The Annunciation Church (Biserica Buna Vestire) is a Romanian Orthodox church located at 12 Sulfinei Street in Iași, Romania. It is dedicated to the Annunciation.

The original church on the site was made of wood. First mentioned in 1707, it was likely built in the second half of the 17th century. This date derives from the appearance of surviving icons and the fact that the area (known as Muntenimii) was starting to become populated at the time, by craftsmen and Roma. By the later 18th century, documents mentioned the church frequently, highlighting its importance. There is an inscribed cross marking the spot where the altar of this church once stood. It probably lasted around a century and a half, gradually becoming too small for the needs of the area. Eventually, the neighborhood was settled by wealthier people interested in building a larger and prettier church.

The present building was constructed by ktitor Ion Tăutu, a vornic, and his wife Maria between 1816 and 1818; it was blessed by Metropolitan Veniamin Costache in 1820. The design was inspired by a church in Flămânzi that Tăutu's friend Theodor Balș built in 1813. The old church lasted until the 1821 outbreak of the Greek War of Independence, which had reverberations in Moldavia; Ottoman troops pillaged and destroyed it. This is attested by a stone carved in Romanian Cyrillic, located along the northern wall of the present building. According to historian N. A. Bogdan, who wrote at the turn of the 20th century, the foundations were still visible some forty years prior.
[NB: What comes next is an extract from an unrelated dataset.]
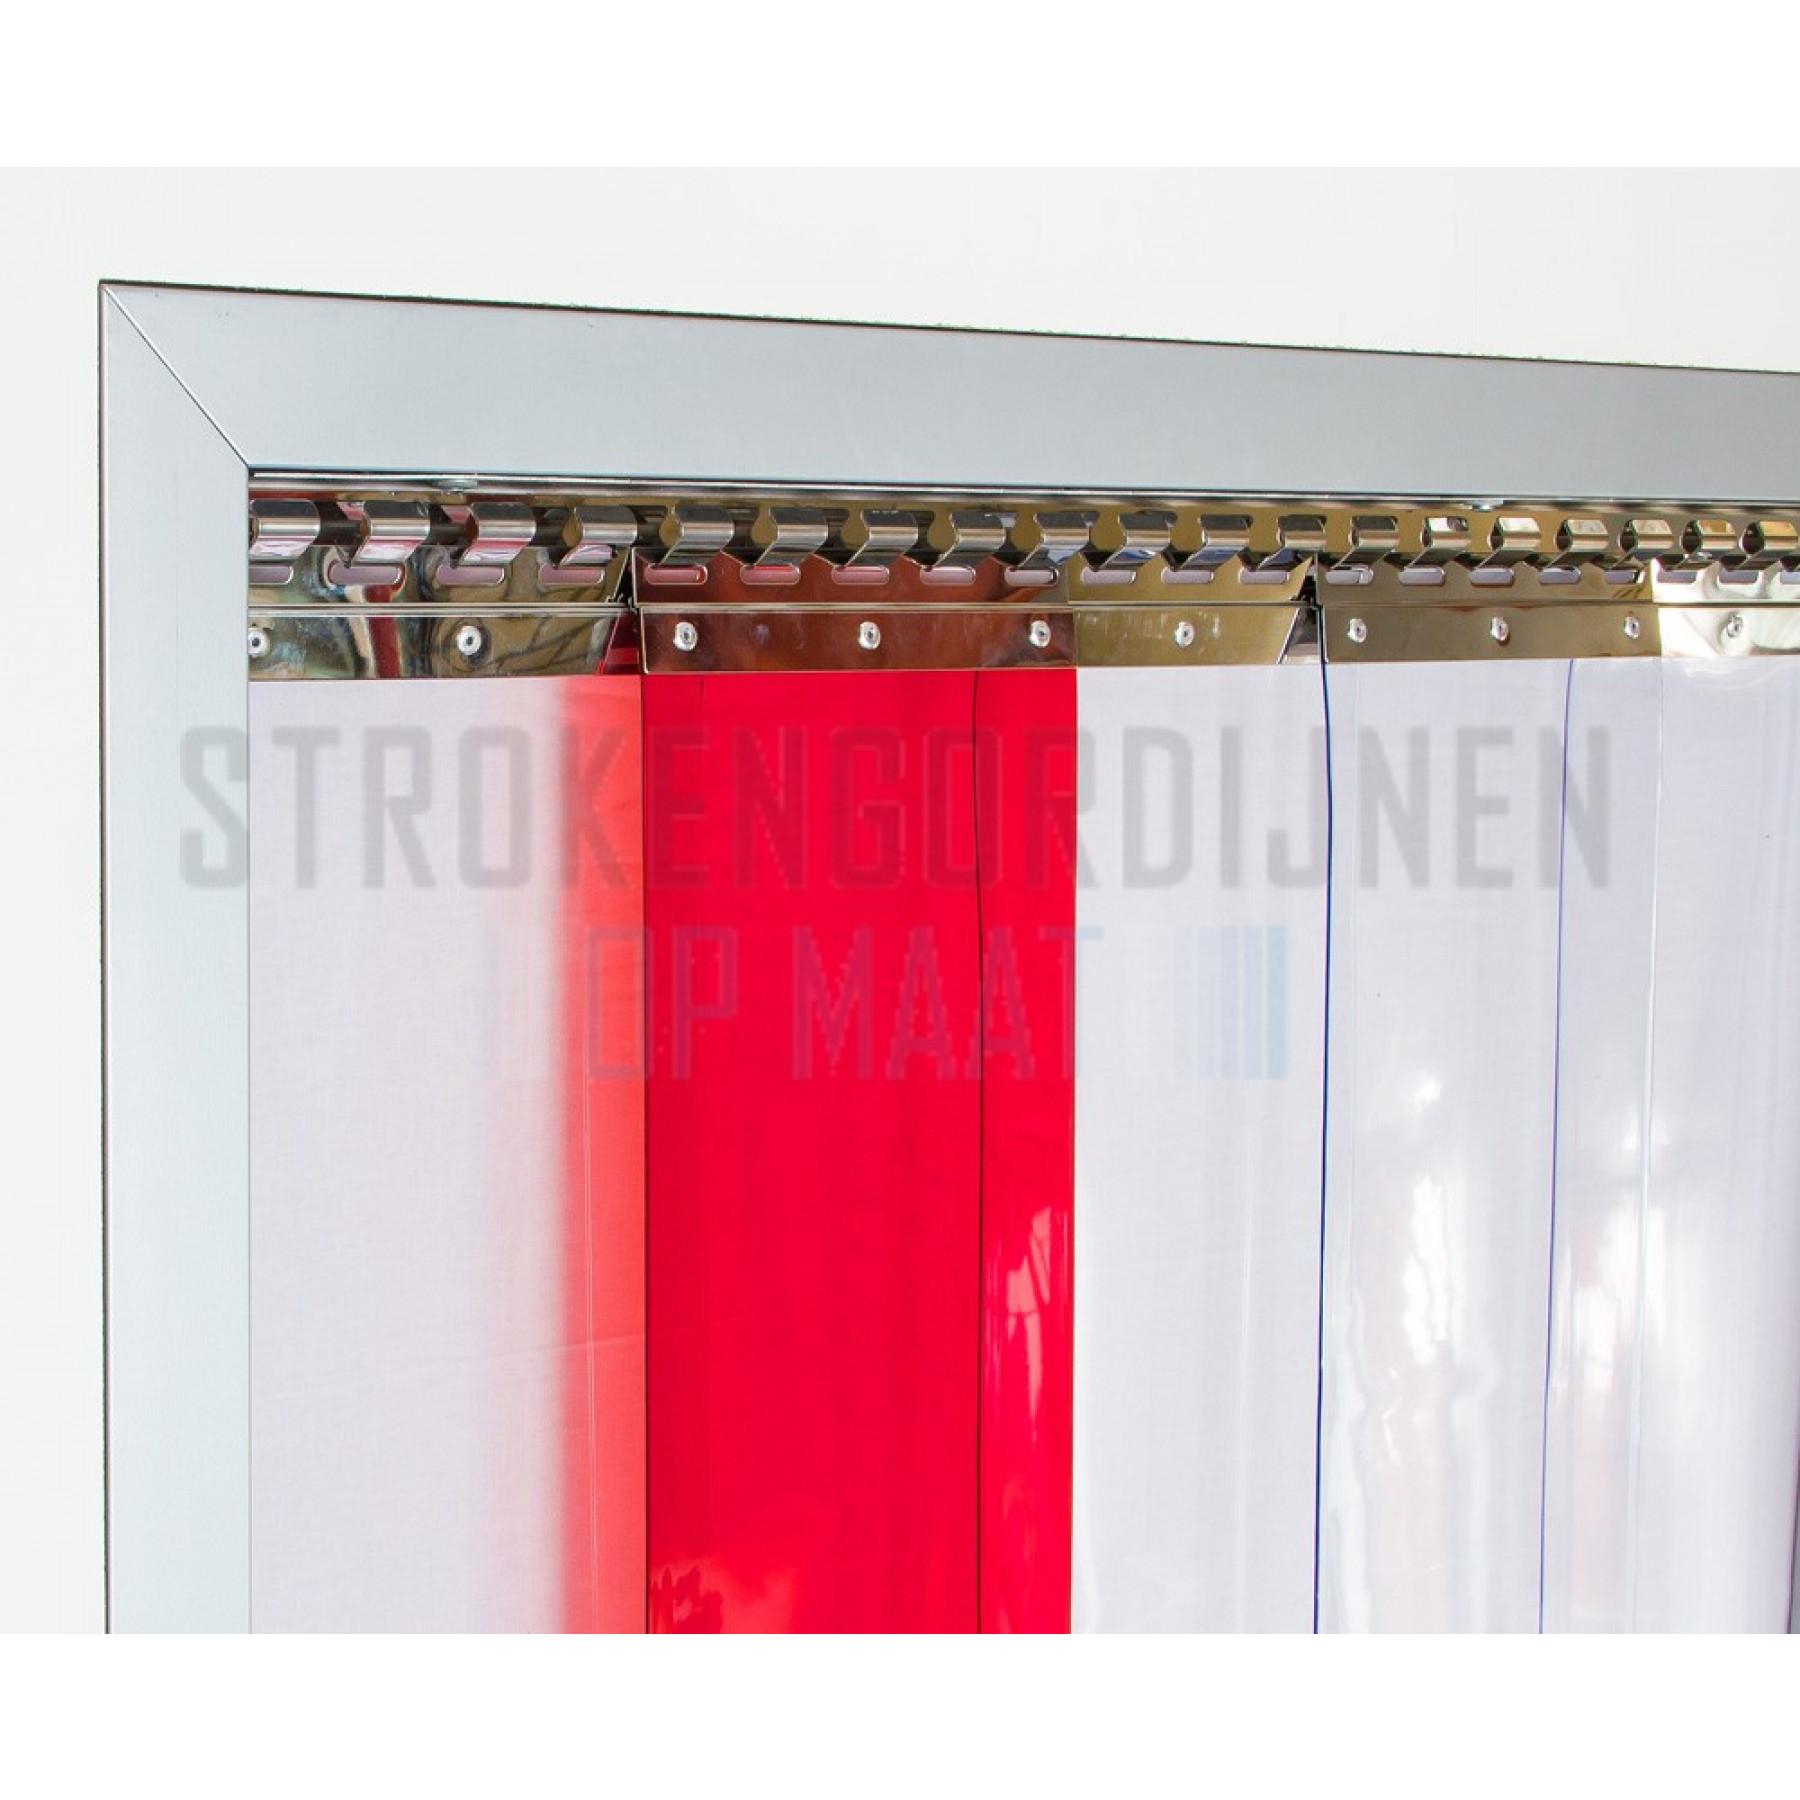 PVC op rol, 200mm breed, 2mm dik, 50 meter lengte, kleur rood, transparant

Another theory holds that the new church was built only after the old one was destroyed, possibly because Tăutu was grateful to have avoided execution during the revolutionary upheaval, and because he brought back news that native rather than Phanariote princes would henceforth rule Moldavia.

Distinctive features of the new church include its large and nearly round nave, as well as its small vestibule. There is a noted oil portrait of Tăutu in oriental dress with Maria appearing in western style. Another painting, located in the vestibule, commissioned by Tăutu's sister and executed in 1829, shows part of 18th-century Iași in panorama. The roof was redone in the 1850s, and the foyer repaired in 1875. The iconostasis was carved in oak and linden from 1858 to 1860 before being coated in gold and silver leaf. The fresco painting dates to 1859. During the 19th and early 20th centuries, the church had several wealthy donors, including Mihail Kogălniceanu (who married in the church), Theodor Pallady and Prince Carol I of Romania. It owned houses, land, money and precious liturgical items. Bishop Meletie Stavropoleos donated five houses for the clergy and staff. From the property income, the parish was able to pay a choir director and soloists. Repairs were carried out from 1975 to 1977, and the walls were repainted from 1978 to 1979. Metropolitan Teoctist Arăpașu blessed the church a second time in 1980.

The church is listed as a historic monument by Romania's Ministry of Culture and Religious Affairs.